The first lesson was using paint and random tools to make marks on the muslin. After the pieces were dry, I didn’t like the paint colors I chose, so the next day, I re-did the mark making with different colors. The second day we cut up our painted fabrics into 3”x4” pieces and reconnected them to create new designs. And we were supposed to stitch the cut pieces together in the new layout.
My fingers were stiff, the fabric was flimsy, and I struggled to pin the pieces together. I considered gluing them, so that I could continue with the next steps, or borrowing a friend’s sewing machine, but I realized there was no joy in any of it. And so I chose not to continue.
At first I was disappointed that there were no sparks, since I’ve been fascinated with all kinds of textile art for so long. But now I know. It’s kind of like the welding class I took last year. I thought for sure I was going to become a metal artist, but no, the only sparks that day were on the metal.
And so, with all of the things I thought I might love to do now off the table, I am opening to the unknown, to wider possibilities, new energies, and unfathomable opportunities.

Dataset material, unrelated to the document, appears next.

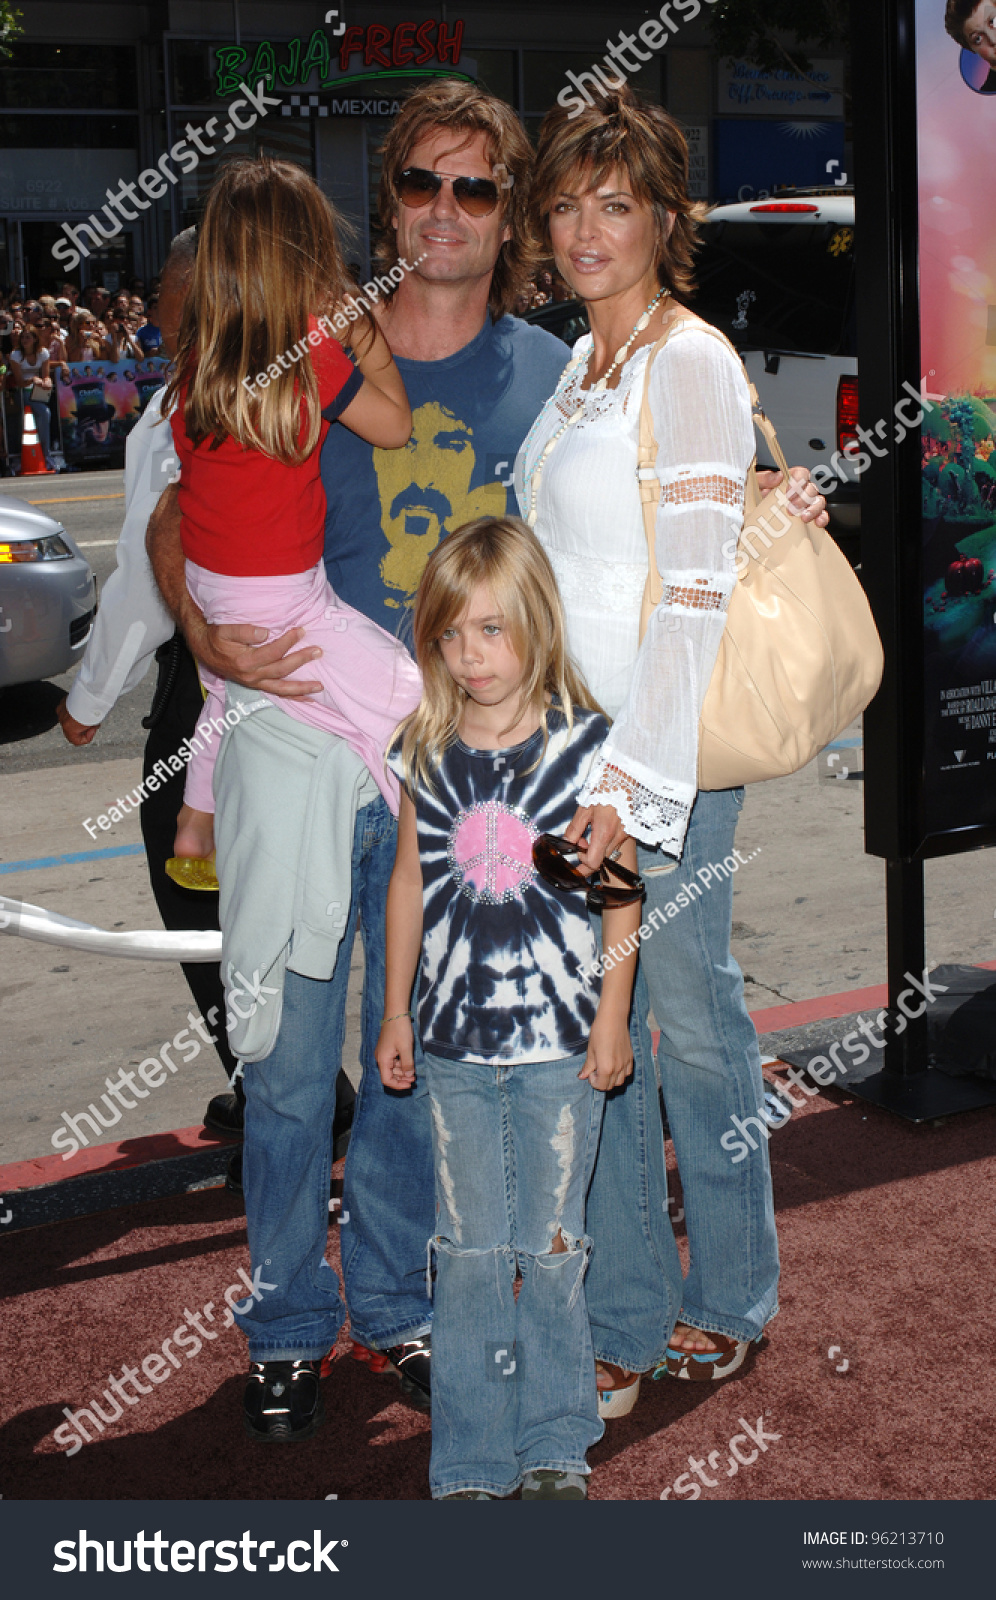 Forum on this topic: Kay Hammond (American actress), monica-mayhem/

Meanwhile, I have gotten my hands back into glue and water, and it is truly my happy place. I had a vision of decoupaging hearts, so I ordered some plastic, fillable hearts, and have made two Full Hearts for friends using their words of the year. (If you’d like me to make you one, I am taking orders.)

I know this is a challenging time of in-between for a lot of people. Almost everyone I talk to seems to be, in one way or another, between what was, and the unknown future. Hobbies that we used to find engaging are no longer interesting, activities we once enjoyed seem like too big a hassle to organize, and we’re just not sure how to reconnect with the world, or ourselves.
It’s as if we’ve outgrown our before-lives, but we have no idea what we want next.
Instead of getting caught in the angst of those extremes, can you simply breathe yourself into this present moment? Because, in the present moment, it is OK to not know. It is OK to not want to do the things you did before. It is OK to take time to feel your way back to yourself.
This time of in-between can be an opportunity to slow down, to notice where you no longer want to expend and share your energies, and pay attention to things that are winking at you from the sidelines.
Give yourself time. Find ways to let go of needing to know, and enjoy the mystery. Be curious without expectations. Say yes to the things that take you to your soft edge. Trust that when you get to the end of all you know, you will fly.